There's been a fair amount of negative critical response to the show, much along the lines of "it's not funny" and/or "the normal people angle isn't enough of a twist to provide fuel for an entire series." Depending on your expectations, those are fair criticisms. But when I watched the first episode, I watched it for what I think Seth MacFarlane intended: to have his own Star Trek series. By those standards, The Orville does a bit better.
The production values of the show are sky high. Ridiculous, really... as in, "they can't possibly afford to make the show look this good and have this many special effects every week, can they?" good. It has a bombastic and entertaining orchestral musical score. It has its share of fun Trek-ish sci-fi gimmicks -- the first episode, for example, features technology that can accelerate time within a bubble universe (and pays off with a rather clever way of using said technology).
There are some good cast members in the mix. Beside MacFarlane (who of course must star in his own dream project), there's actual Star Trek veteran Penny Johnson Jerald (who should be on TV whenever she wants to be; she's great) and Adrianne Palicki (who was great on Agents of S.H.I.E.L.D. before they chose to spin her off onto a series that didn't actually happen).

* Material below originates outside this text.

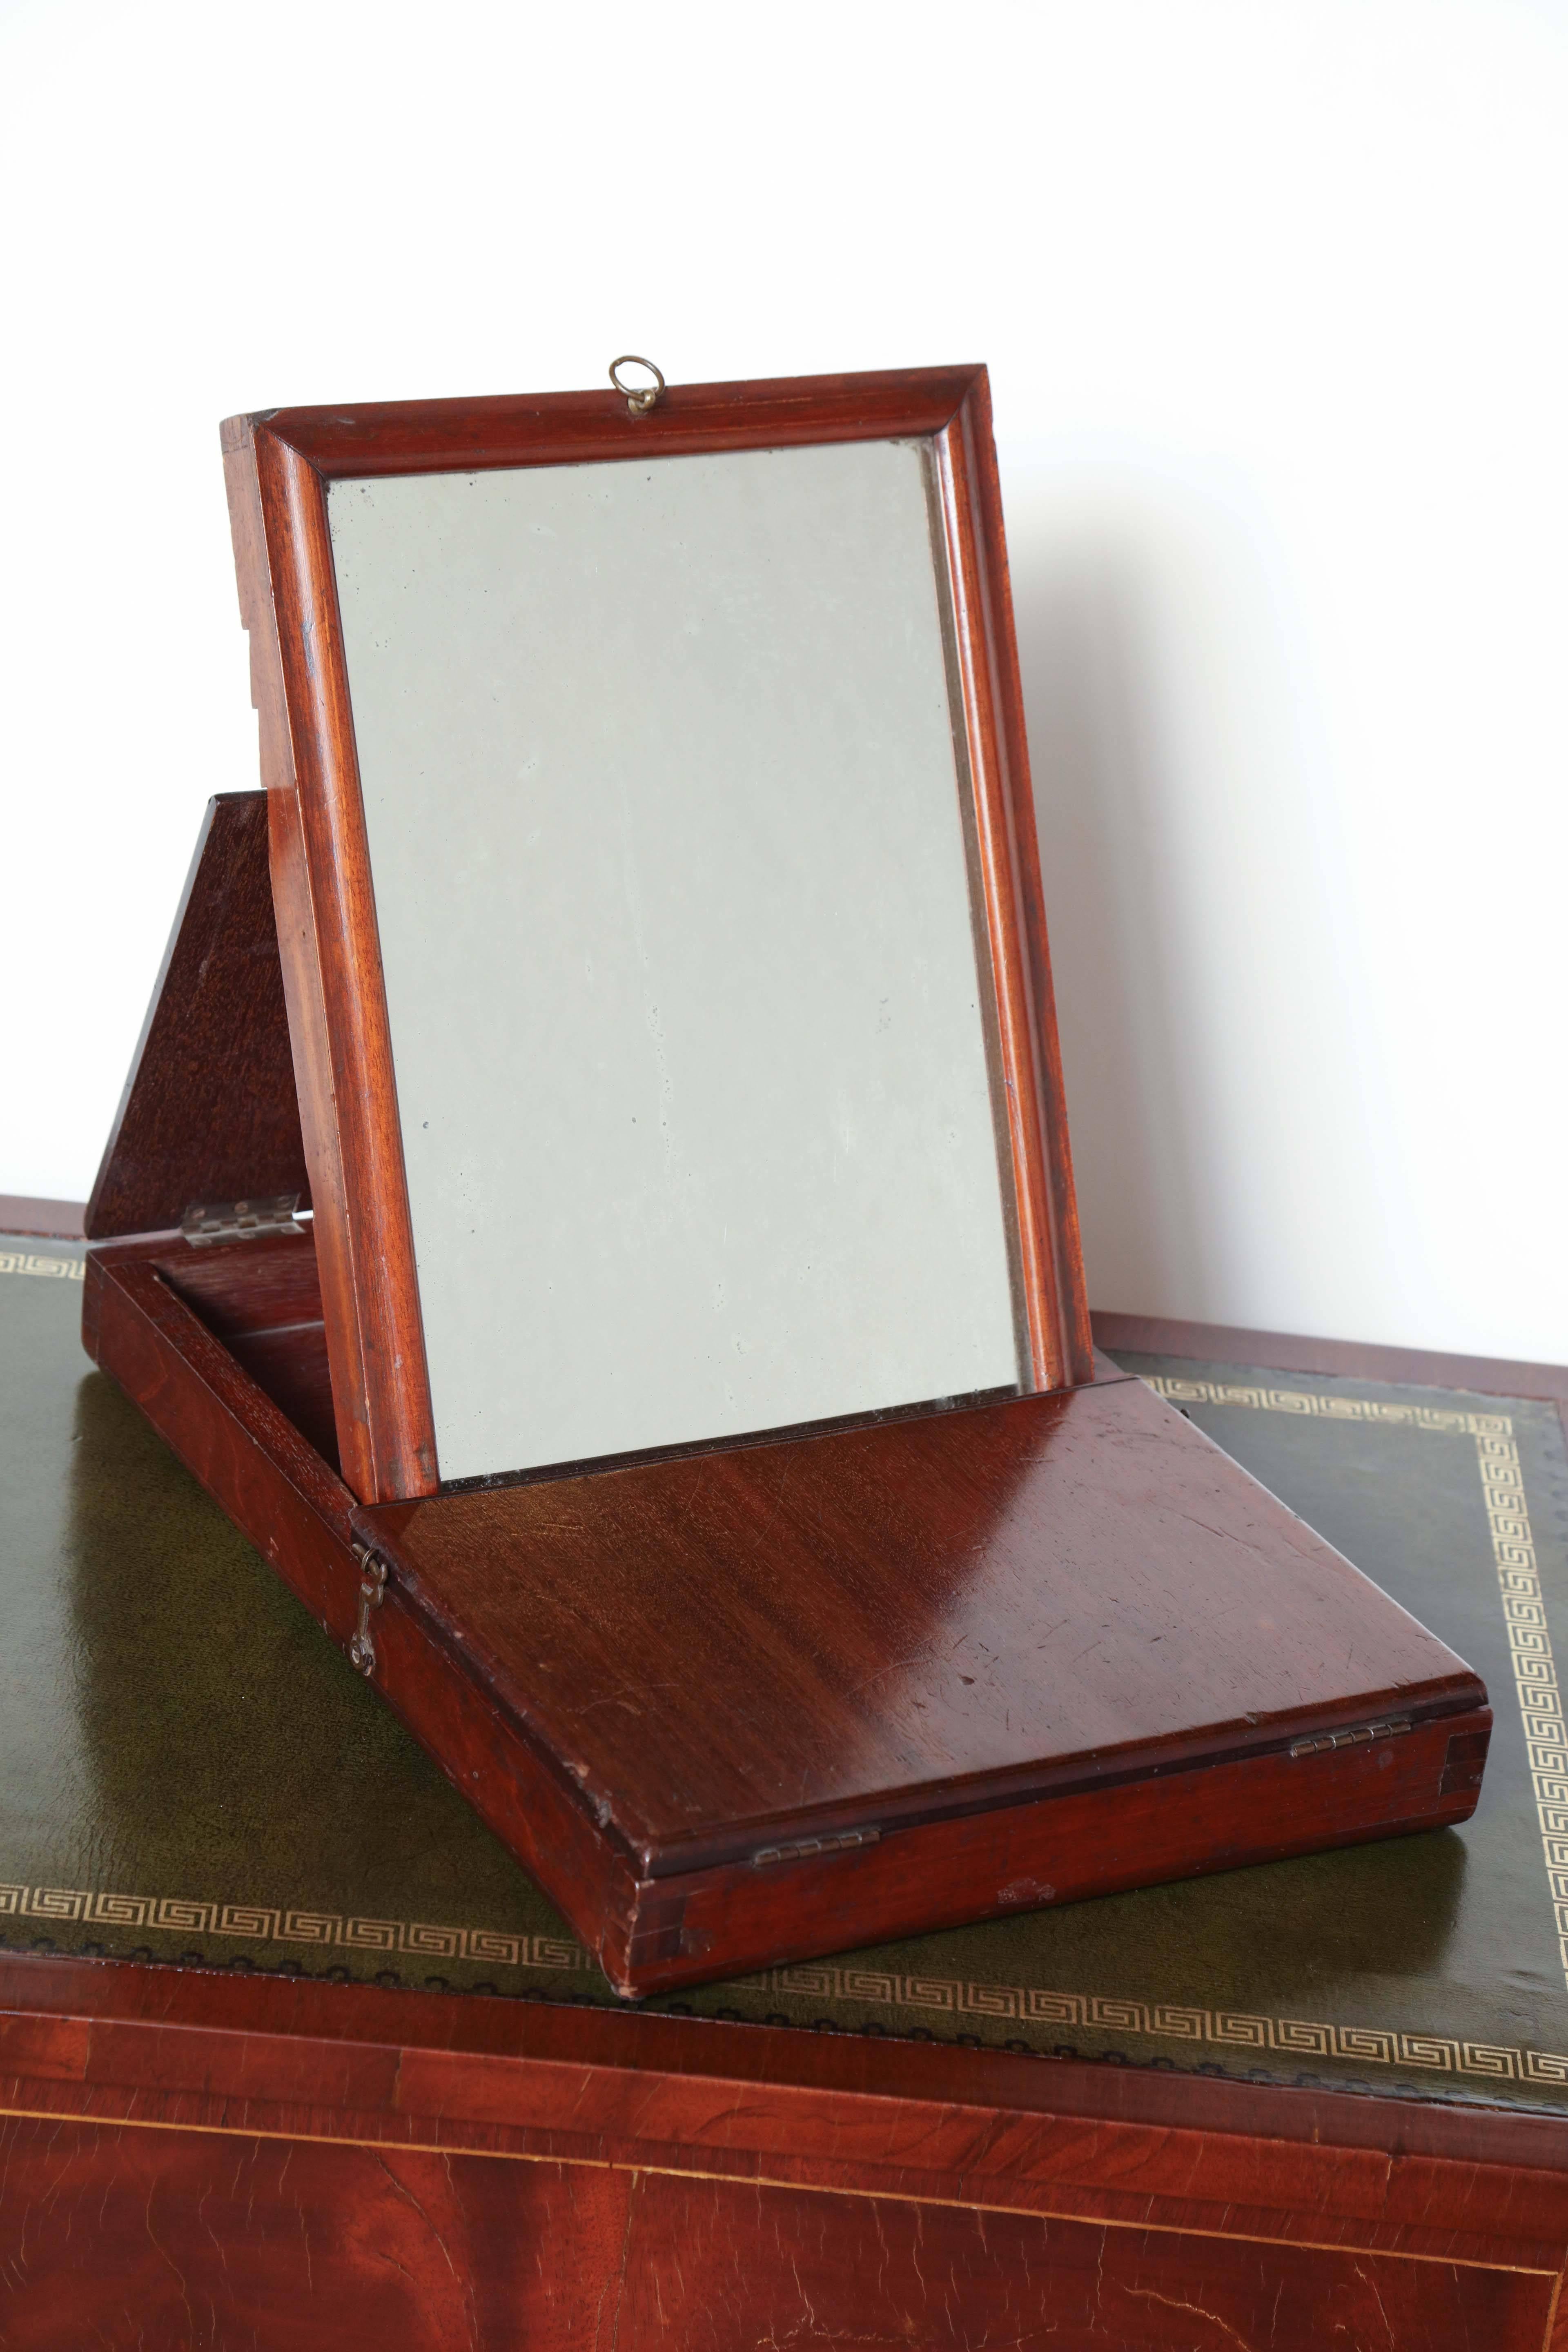 19th century English campaign mirror in mahogany box with two flaps and adjustable mirror.

But there's a lot about the pilot episode that isn't "there" yet. The exposition is super-clunky, particularly in a scene which serves as rapid-fire introductions to the main characters, and becomes the only intel we get about some of them. (One character is set up as a "racist" cyborg, but no further evidence of that elitism is shown in the episode. Another character is said to come from a single-gendered species, but this too is treated like a comedic set-up for which a punchline never comes.)
All that said, it's important when thinking of this as a kinda-sorta Star Trek series to remember that most of the Star Trek series weren't great out of the gate either. The Next Generation in particular, which this most resembles, was far from great in its first episode -- or hell, for pretty much its entire first season. No, I'm not ready to declare undying love and allegiance for The Orville, but I do feel like there is some potential here.
Certainly, I want the show to get better, and fast. This is not 1987, so the quality bar is higher, and shows don't get entire 26 episode seasons and easy renewal guarantees in which to find themselves. The Orville will need to get better within two or three installments, or it's likely to get lost in the crush when more fall TV premieres. But I'd give the first episode a B- or so, just enough on the right side of the line for me to give it another shot.
In a few weeks, we'll see if actual Star Trek can start off on a stronger foot.